On Thu, Aug 30, 2012 at 7:14 AM, Vijith <vi...@gmail.com> wrote:
> Hi all,
>
> I am new to dev... I am working on NUTCH-1150...
> I would like to get some directions before I can start... Right now I am
> going through the Fetcher.java code...
>
> --
> . . . . . thanks & regards
>
> Vijith V.
>
>



-- 
Lewis

RE: Need some directions

Posted by Markus Jelsma <ma...@openindex.io>.
 
-----Original message-----
> From:Vijith <vi...@gmail.com>
> Sent: Fri 31-Aug-2012 15:44
> To: dev@nutch.apache.org
> Subject: Re: Need some directions
> 
> I have tried running nutch with a sample site with two different urls redirecting to a common resource.
> I could not find any clues, from hadoop.log, where the common resource is parsed multiple times.
> Could some one please explain the exact scenario that creates this bug.

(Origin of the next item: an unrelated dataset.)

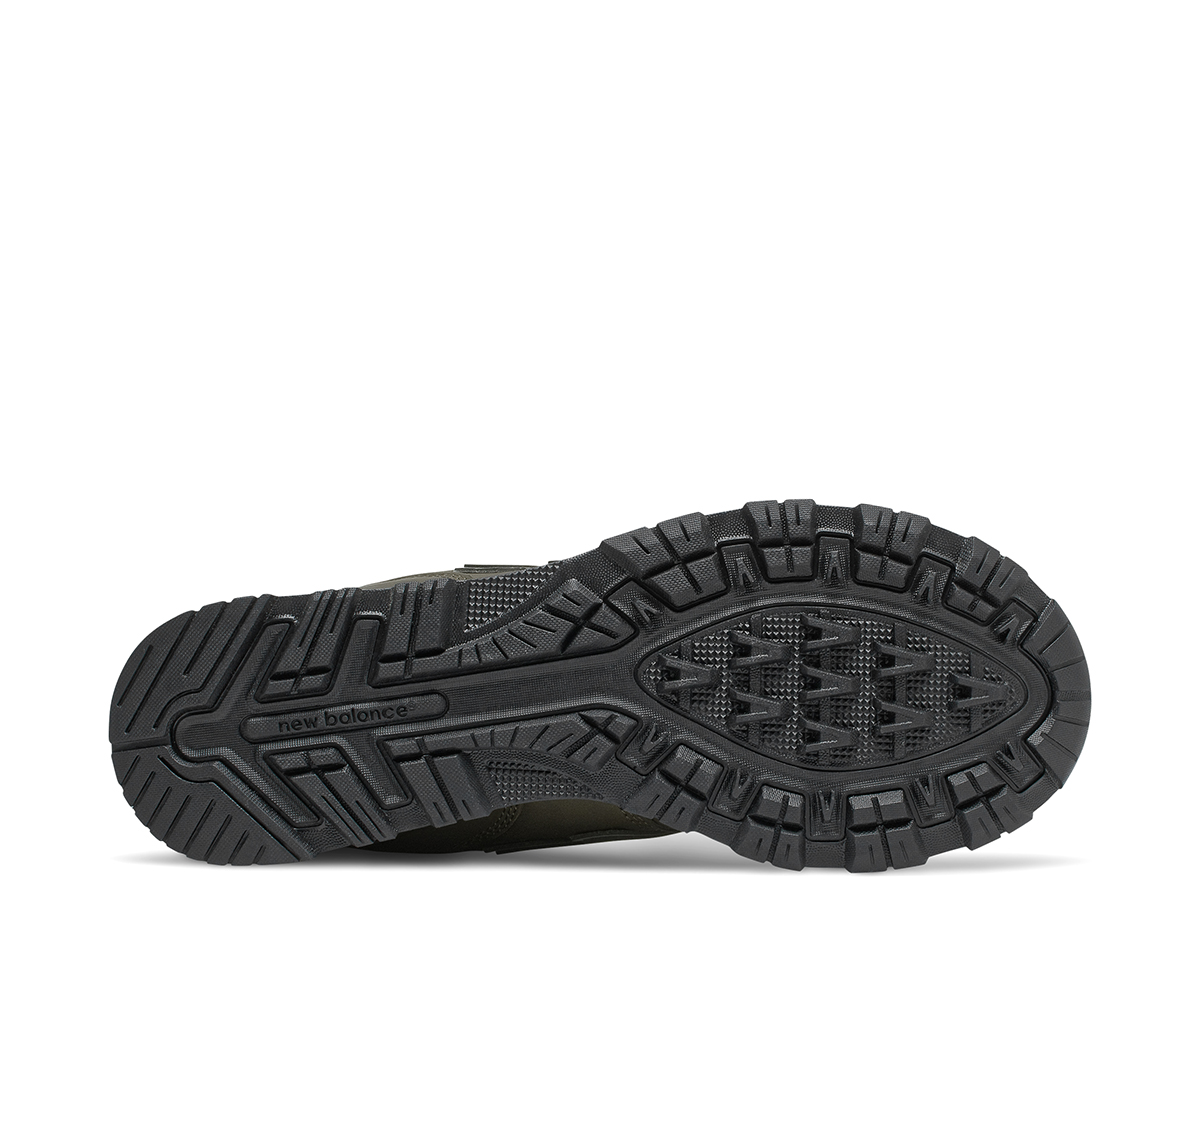 New Balance 574 Boot - Blackened Olive sole

In the Jira comment you said it fetched page4 twice now.

> 
> And how does this bug relates to NUTCH-1184 ? 

It relates to 1184 because if URL's in the same fetch list link to a common page, it can be followed.as well.

We solved this issue by keeping a list of crawled URL's in a external bloom filter.

> 
> On Thu, Aug 30, 2012 at 11:44 AM, Vijith <vijithkv.87@gmail.com <ma...@gmail.com> > wrote:
> Hi all, 
> 
> I am new to dev... I am working on NUTCH-1150...
> I would like to get some directions before I can start... Right now I am going through the Fetcher.java code...
> 
> -- 
> . . . . . thanks & regards
> 
> Vijith V.
> 
> 
> 
> 
> 
> -- 
> . . . . . thanks & regards
> 
> Vijith V.
> 
> 
> 

Re: Need some directions

Posted by Vijith <vi...@gmail.com>.
I have tried running nutch with a sample site with two different urls
redirecting to a common resource.
I could not find any clues, from hadoop.log, where the common resource is
parsed multiple times.
Could some one please explain the exact scenario that creates this bug.

And how does this bug relates to NUTCH-1184 ?

On Thu, Aug 30, 2012 at 11:44 AM, Vijith <vi...@gmail.com> wrote:

> Hi all,
>
> I am new to dev... I am working on NUTCH-1150...
> I would like to get some directions before I can start... Right now I am
> going through the Fetcher.java code...
>
> --
> *. . . . . thanks & regards*
> *
> *
> *Vijith V.*
>
>
>


-- 
*. . . . . thanks & regards*
*
*
*Vijith V.*